Of course, then it was raining this morning and Cole had to trudge off to school in the dark with shoebox in tow.

But still.  Just watch this.  It will make you so happy.  And the beautiful song playing is on Taido’s 2008 Best CD.

I wrote this last year on this exact same day, but I never shared it here.  When I found it today, fresh from my morning yoga, I thought…this just fits today perfectly!

I guess that I could go to yoga for the rest of my life and still, years from now, be learning new poses. I am always amazed that there is something new with each class. A position I haven’t heard of before. Or a new way to move my body. I have lived and operated this body that is me for a long time and still…I didn’t know it could bend that way. Today it was the breath of joy.  How can you not smile when your yoga instructor says,

Next we are going to move through a series called the breath of joy.

With each lift, as you fill your lungs, breathe in the newness that is spring.
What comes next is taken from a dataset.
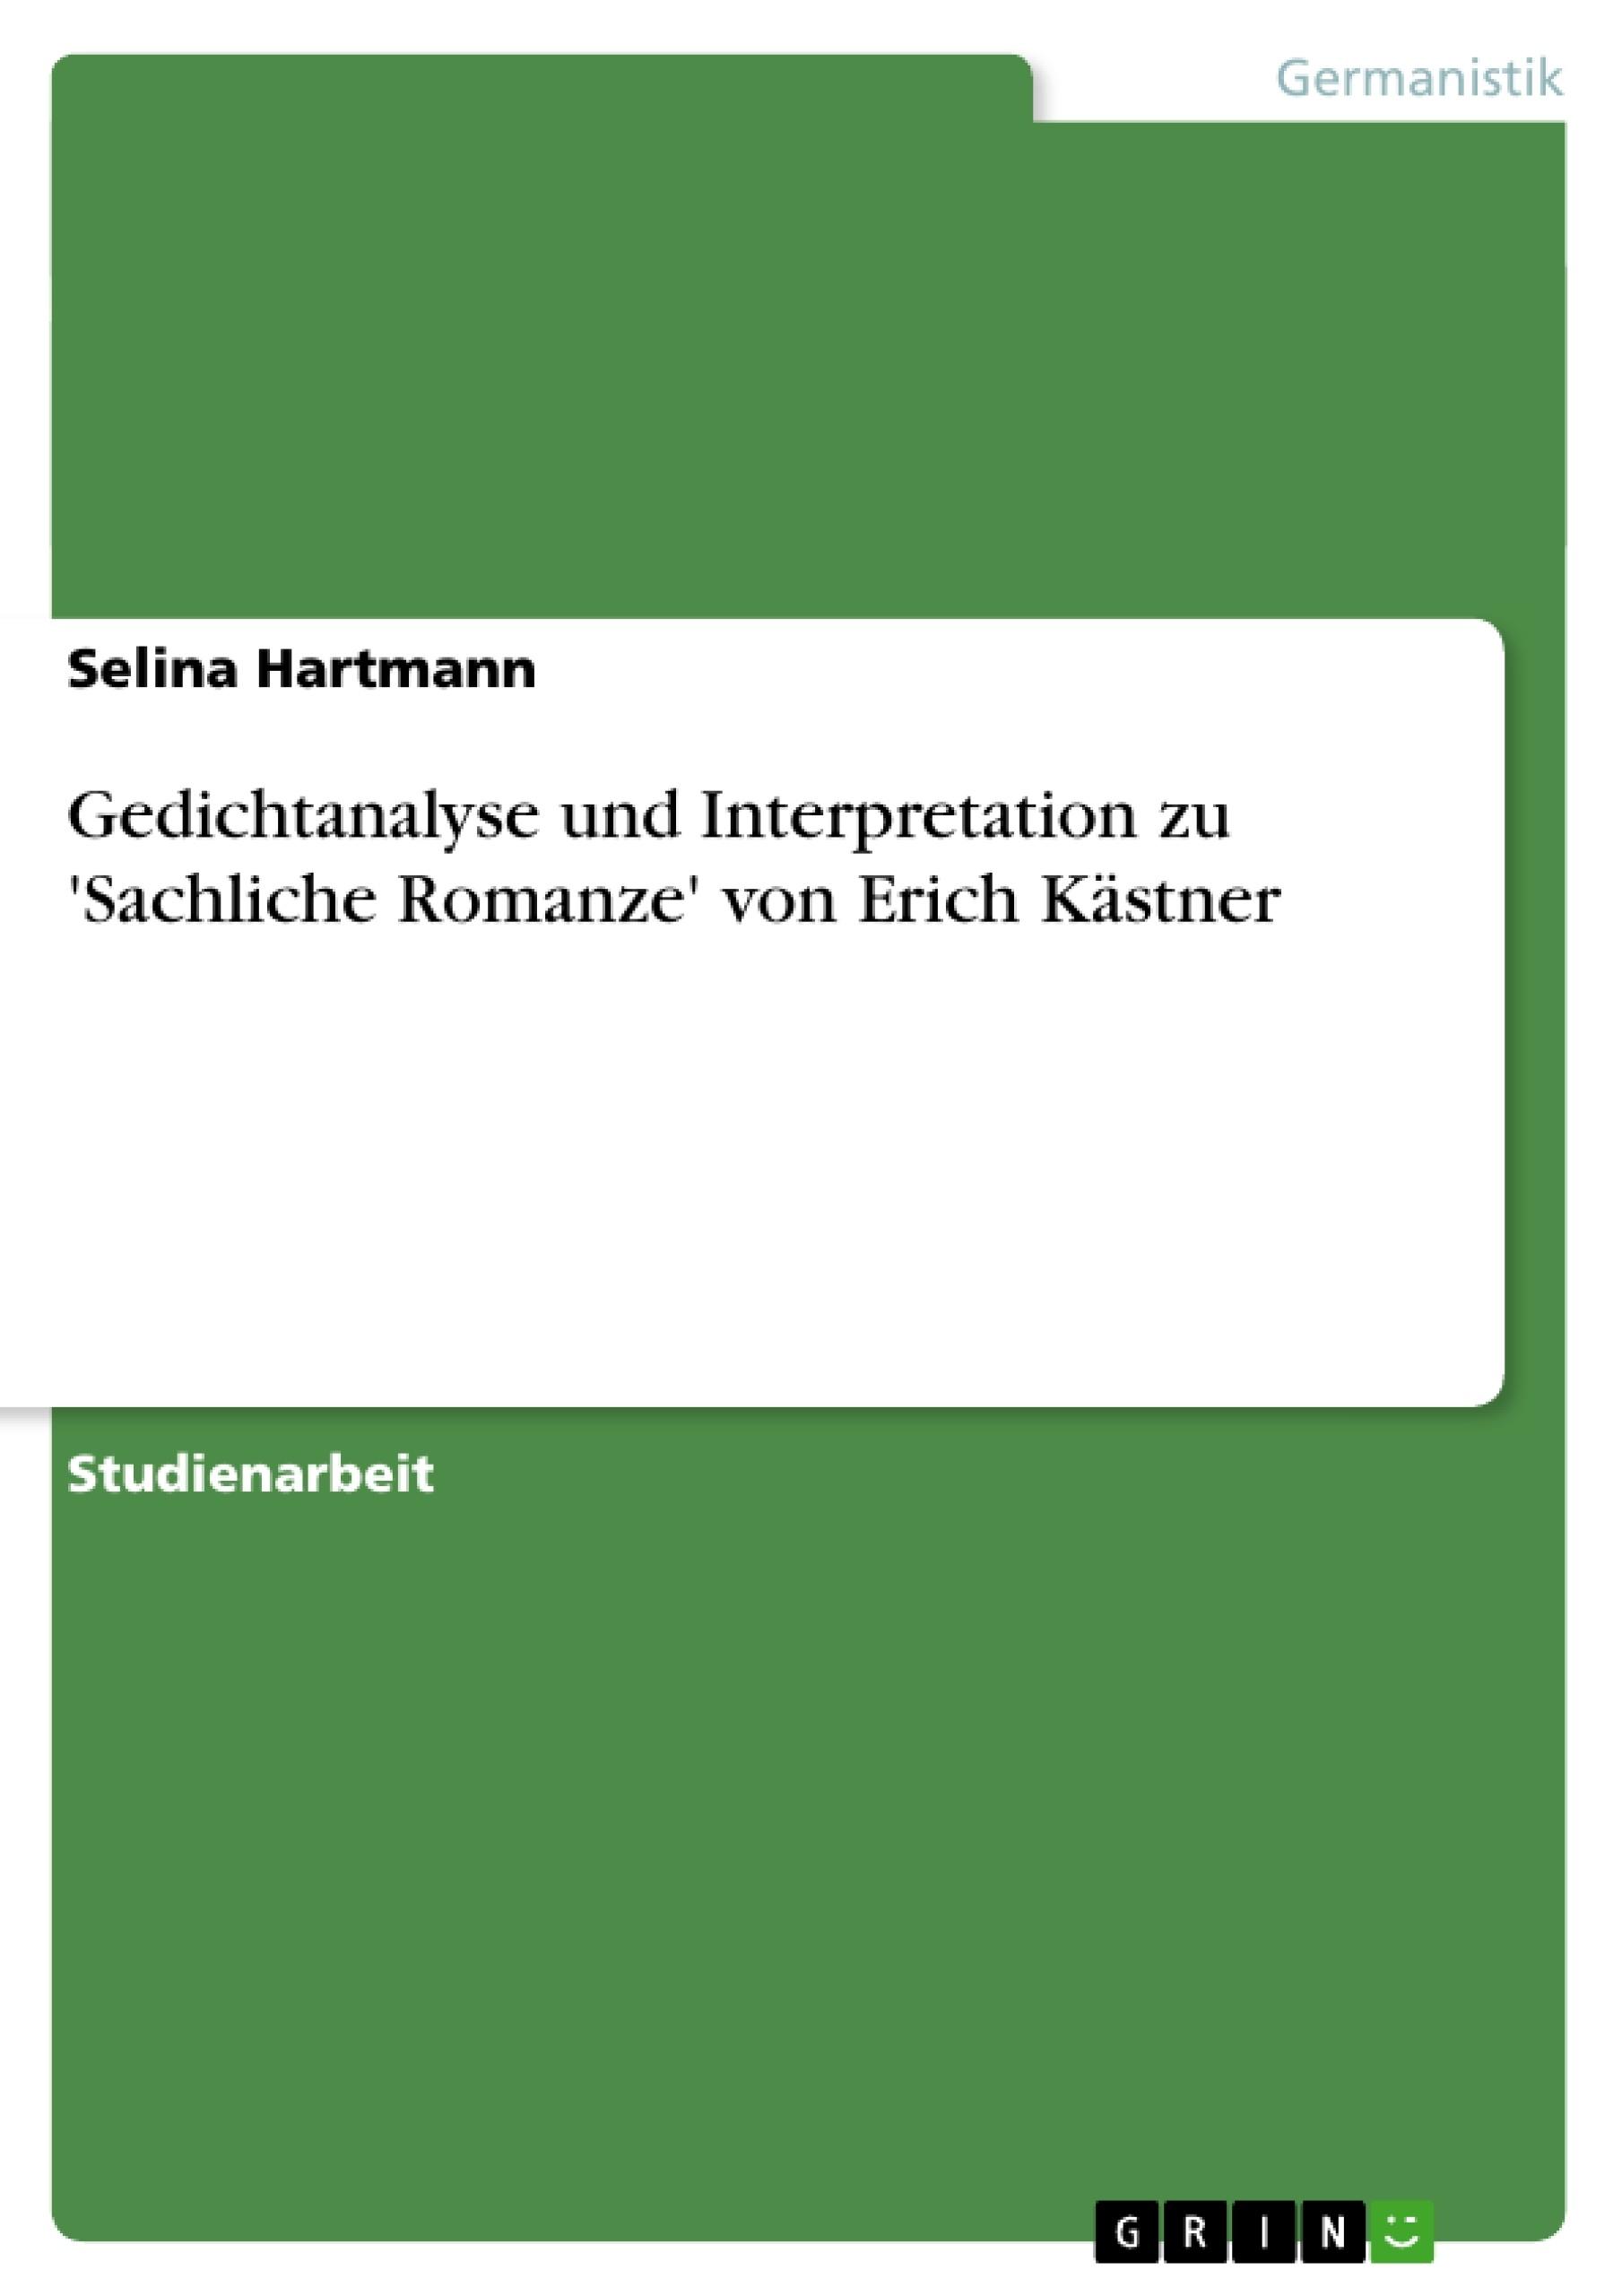 Titel: Gedichtanalyse und Interpretation zu 'Sachliche Romanze' von Erich Kästner

She was all over spring this morning. It is 60 degrees in Arkansas today and the daffodils and cherry blossoms are smiling at me from around every corner. We had this crazy unusual snow last week and i saw pink blossoms topped with snow. Dusted really. They looked so delicate. The hope of spring underneath the late snow. So pretty. The images filled my head as I moved this morning. The breath of joy.

Filling up my lungs and heart with so much hope. I am ready for spring.